__Available data__:
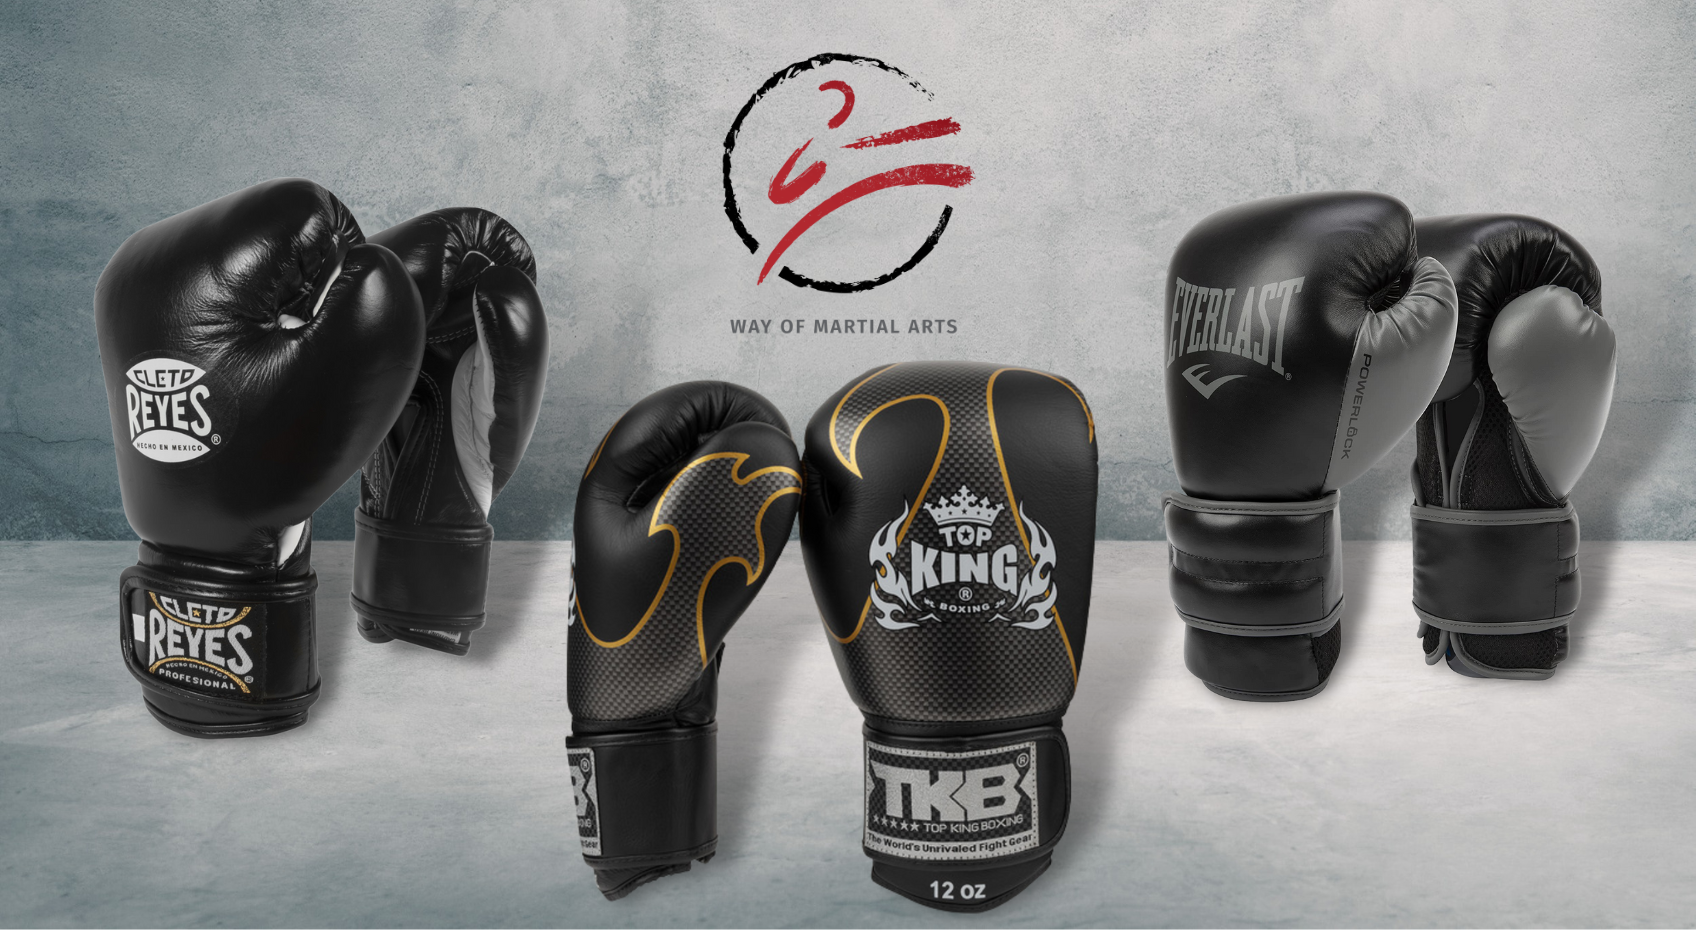 Best Boxing gloves, top king boxing gloves, training gloves
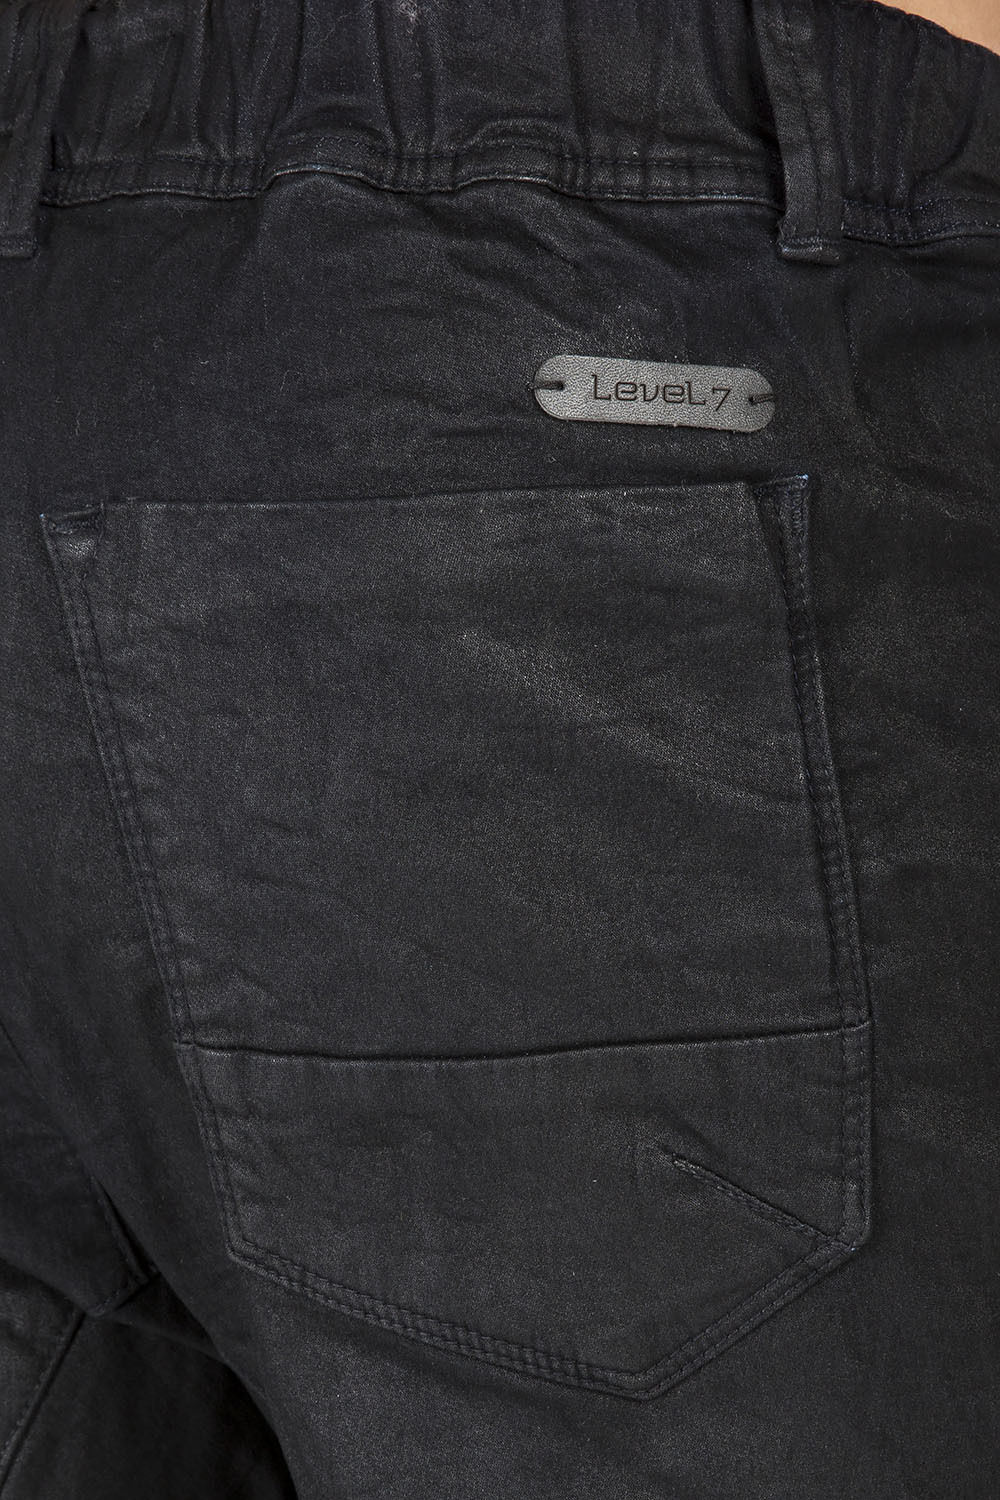 Dark Indigo Premium coated Knit Denim Jogger Jeans, Drop Crotch, Whiskering Wash
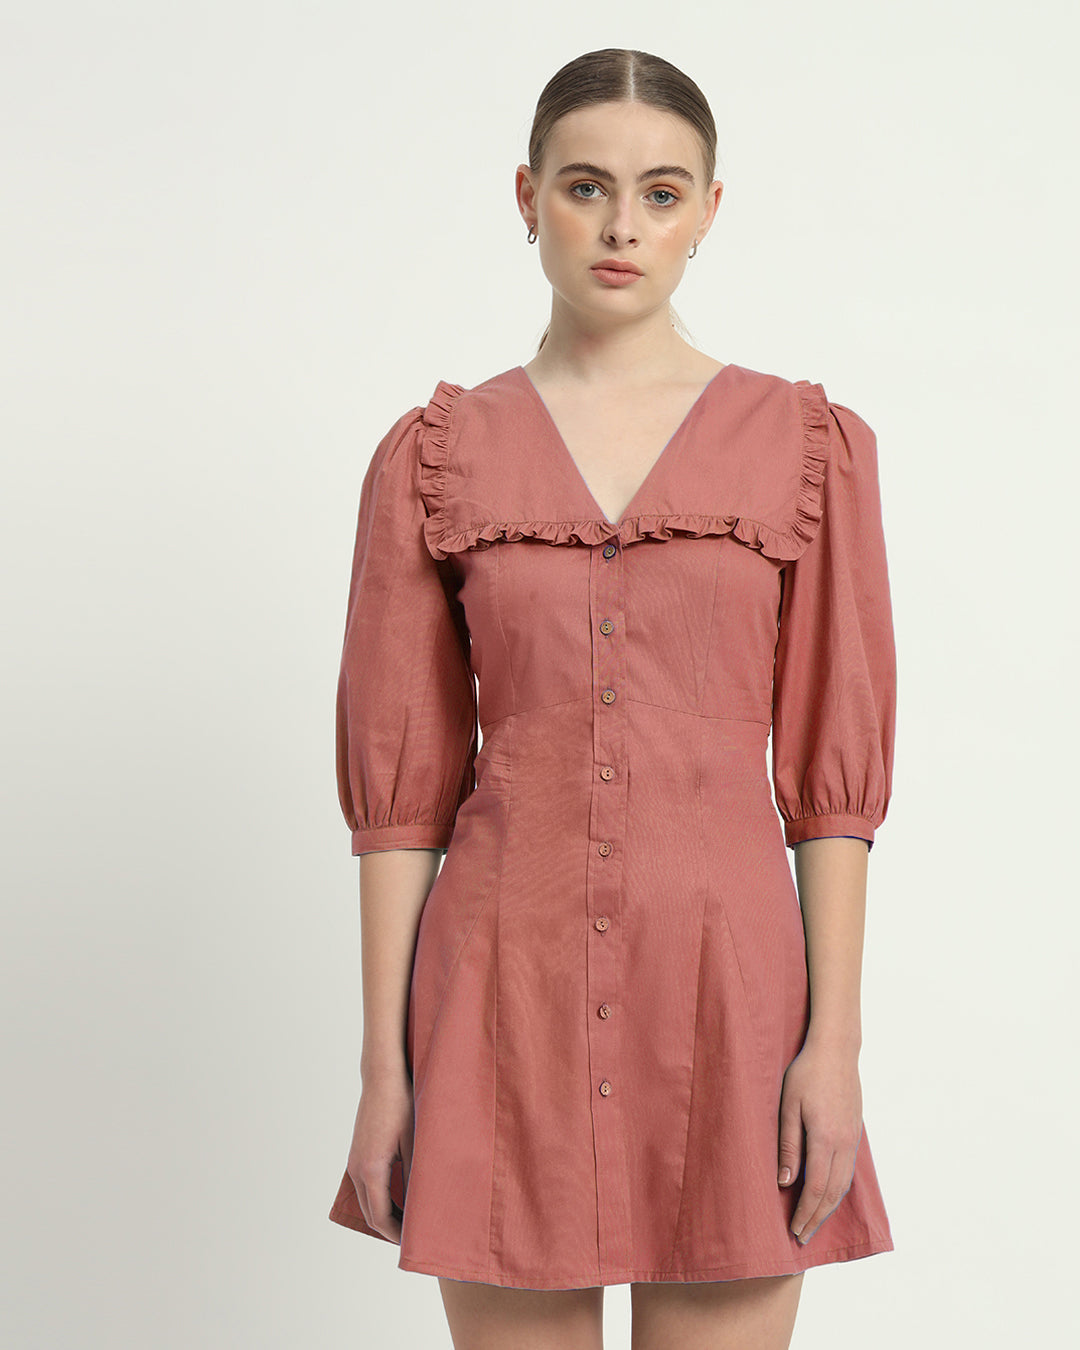 The Ivory Pink Isabela Cotton Dress

__The problem__: Output the material above verbatim but exclude each picture.

__Your solution__:
 Best Boxing gloves, top king boxing gloves, training gloves
 Dark Indigo Premium coated Knit Denim Jogger Jeans, Drop Crotch, Whiskering Wash
 The Ivory Pink Isabela Cotton Dress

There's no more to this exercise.